Germany performs similarly poorly on our Persistent Organic Pollutants Index, where it ranks 2nd highest risk globally, and the Hazardous Waste Index, where it ranks 7th highest risk for the generation of toxic, infectious and/or radioactive properties.
Environmental and social risks collide in world’s key sourcing hubs
German-owned companies are far from the only organisations facing a complex global challenge in complying with the LkSG. Thousands of firms worldwide will eventually fall within scope of the law, which encompasses the operations and supply chains of larger businesses registered in Germany, including branches of foreign companies.
When conducting their LkSG risk analysis, these companies must also consider ‘context-dependent factors’, including political framework conditions and the presence of potentially vulnerable groups of people.
To better illustrate what this means in practice, we mapped our Mercury Pollution Index against our Migrant Workers Index. Doing so brings a host of major Asian sourcing hubs into view.
The risky top right of Figure 2 shows countries where companies are most exposed to a combination of mercury pollution and social risks, whereby vulnerable groups may be more likely to bear the brunt of any damage dealt to the local environment.

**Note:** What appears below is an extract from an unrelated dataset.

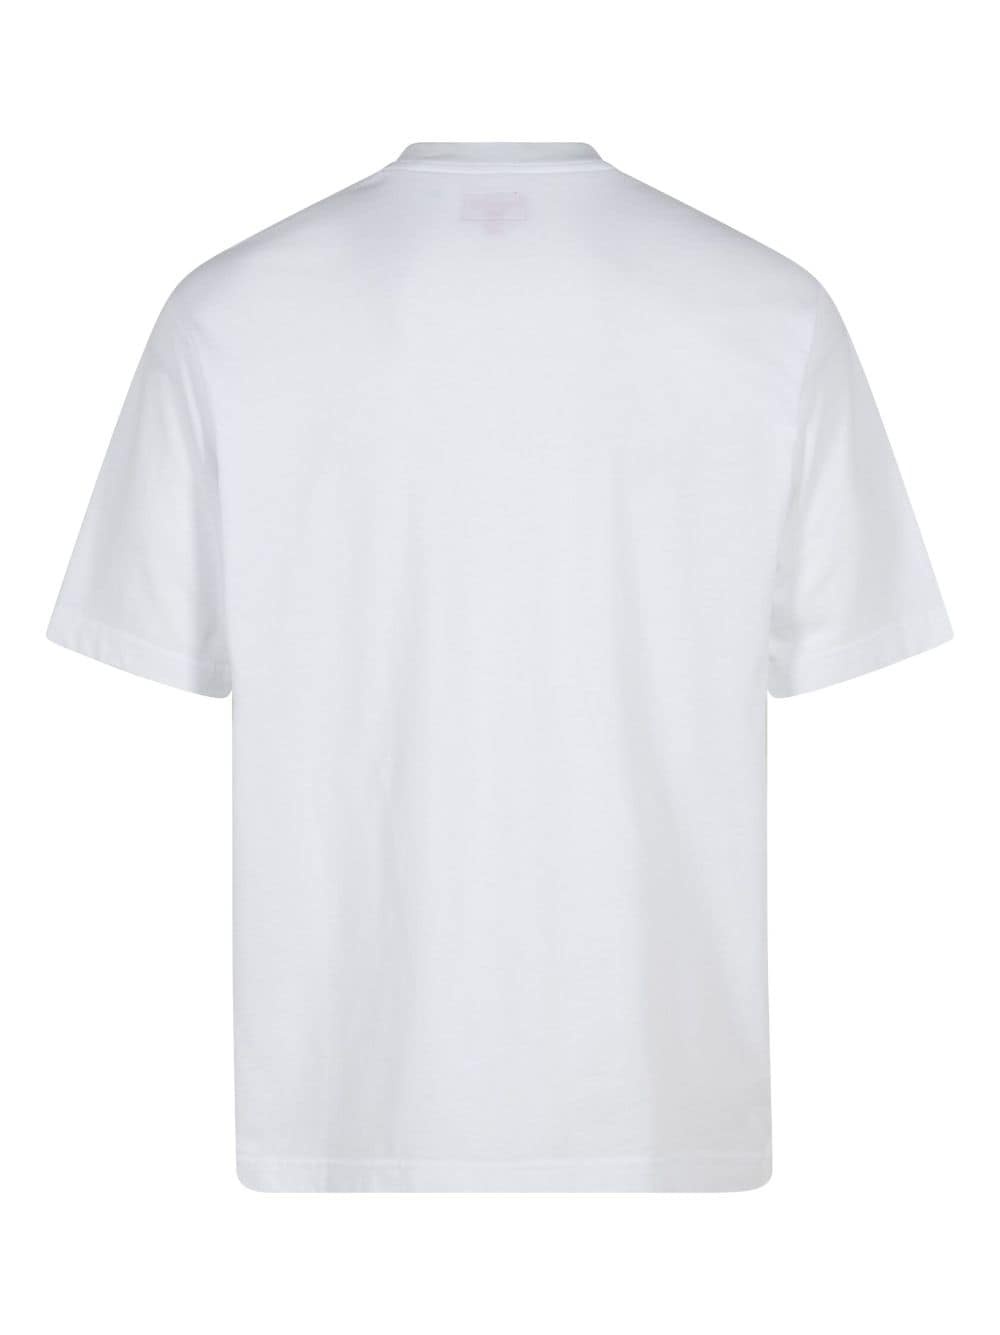 Small Box "White" T-shirt - 2

Indeed, various studies have linked severe health issues such as nerve damage and even certain cancers to mercury pollution, with pregnant women, young children and babies especially vulnerable.
These countries include China, India and Bangladesh – adding to a trend whereby companies with global supply chains are increasingly exposed to escalating human rights risks, including modern slavery and child labour, in the world’s major manufacturing locations.
Comprehensive risk data key in new era of supply chain regulation
The LkSG might be the first supply chain due diligence law to explicitly link environmental actions to human rights harms, but it is unlikely to be the last. The EU’s upcoming Corporate Sustainability Due Diligence Directive (CSDD) is also seeking to bridge the gap between social and environmental risks, and could include factors beyond the current scope of the LkSG, such as biodiversity loss, deforestation and damage to marine environments.
“As the universal right to a healthy environment becomes increasingly baked into regulation, companies with access to robust, comparable human rights and environmental risk data will find themselves in the best position to effectively identify, prioritise and address salient issues,” adds Sinclair. “From social risks in Asian sourcing hubs to environmental hazards in Western Europe across both their own operations and supply chains, the scale of the task at hand is enormous.”